> _Prompt_
Repeat precisely the span of lines below that opens with the line containing "st-moritz-lounge-set" and closes with the line containing "Elementaires Ikea Hack", both included.

> _Source material_
[Start of Attachment]
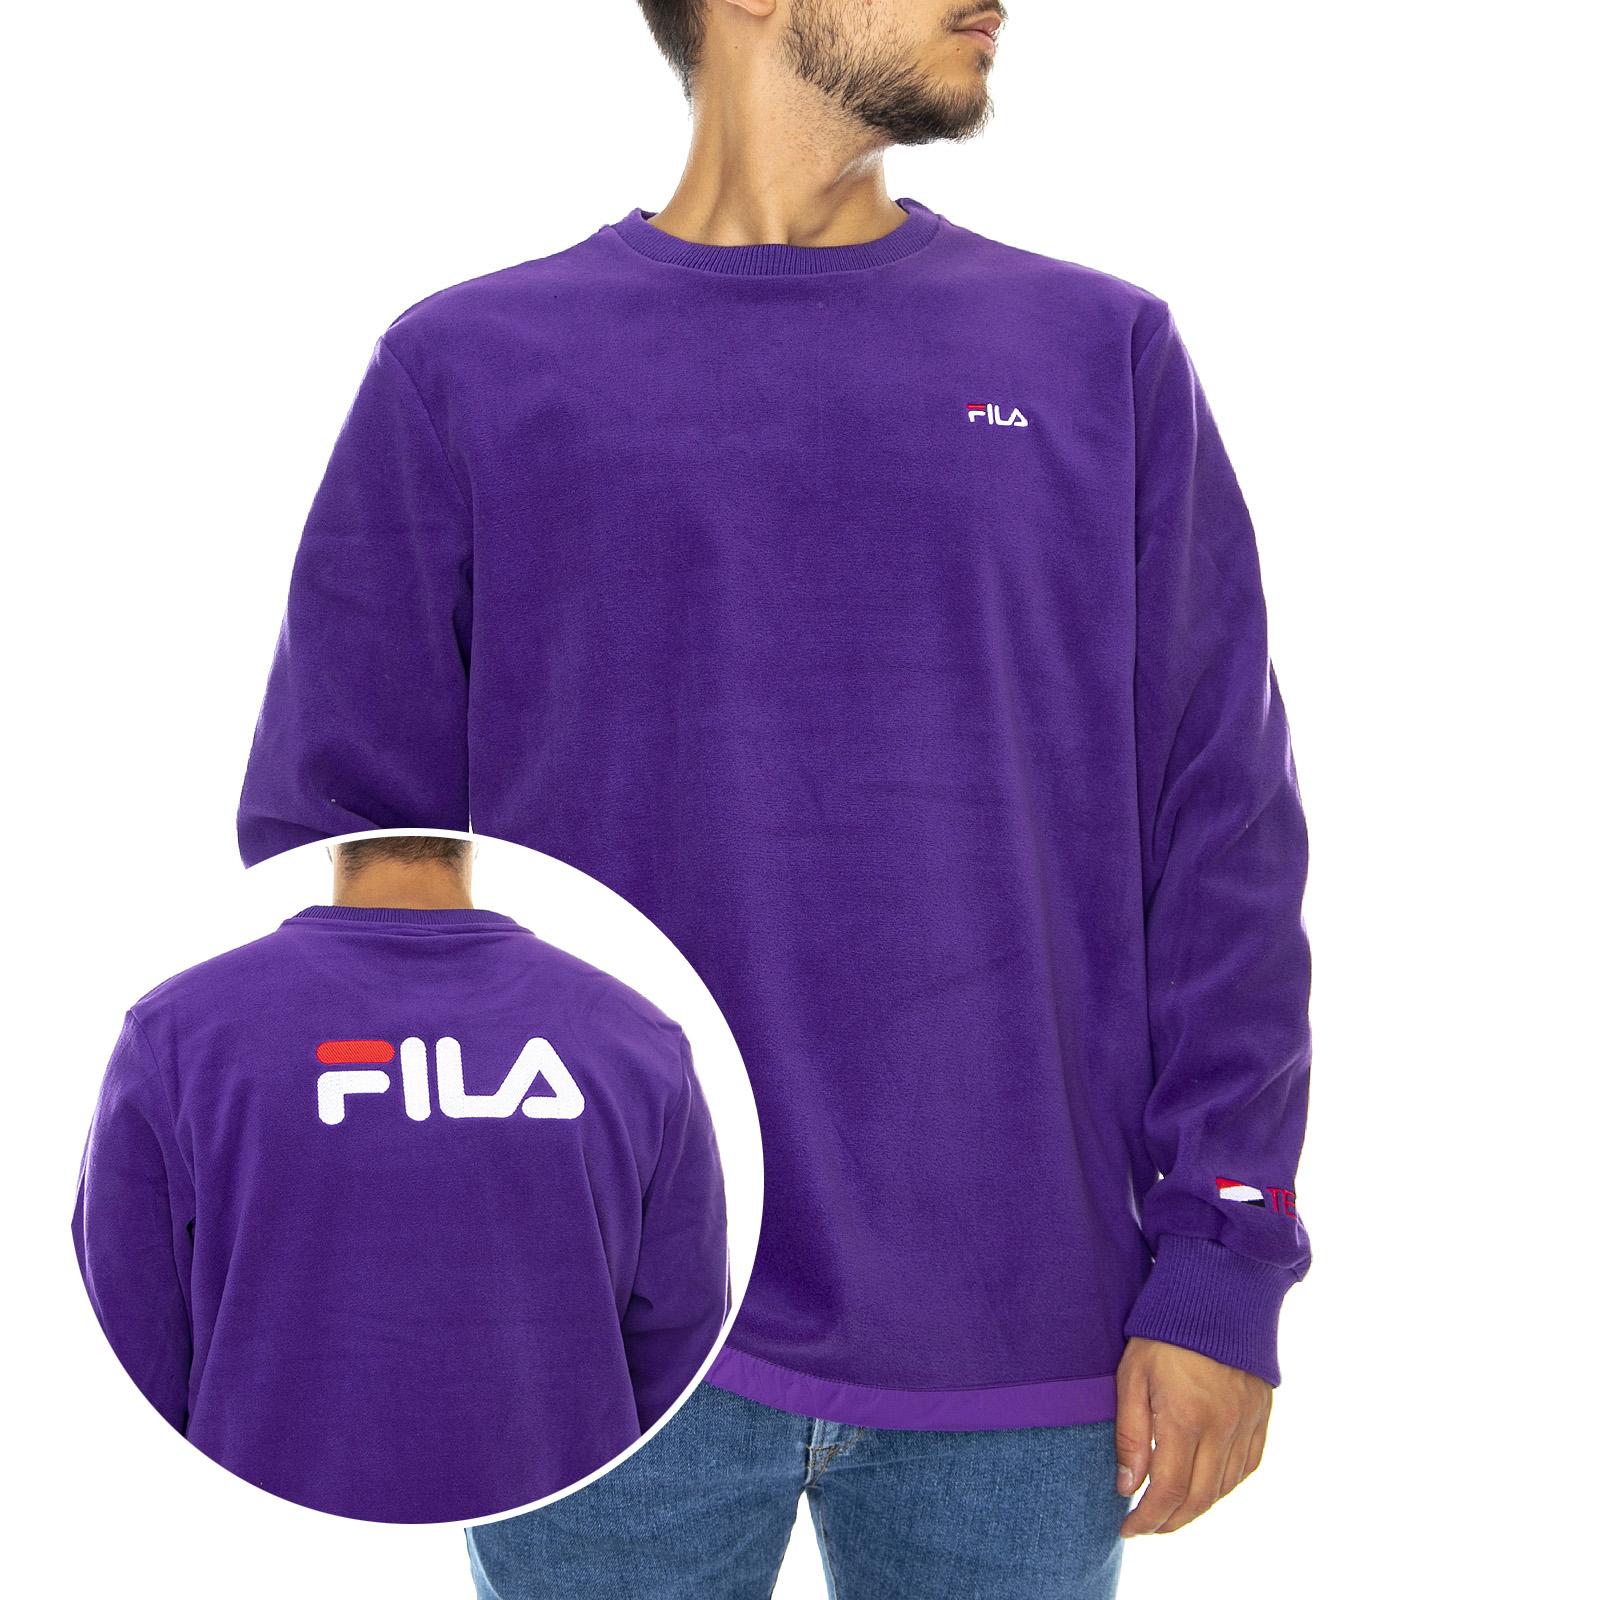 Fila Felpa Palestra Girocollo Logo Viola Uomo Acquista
[End of Attachment]
[Start of Attachment]
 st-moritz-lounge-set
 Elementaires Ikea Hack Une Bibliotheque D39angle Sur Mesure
[End of Attachment]
> _Expected output_
 st-moritz-lounge-set
 Elementaires Ikea Hack Une Bibliotheque D39angle Sur Mesure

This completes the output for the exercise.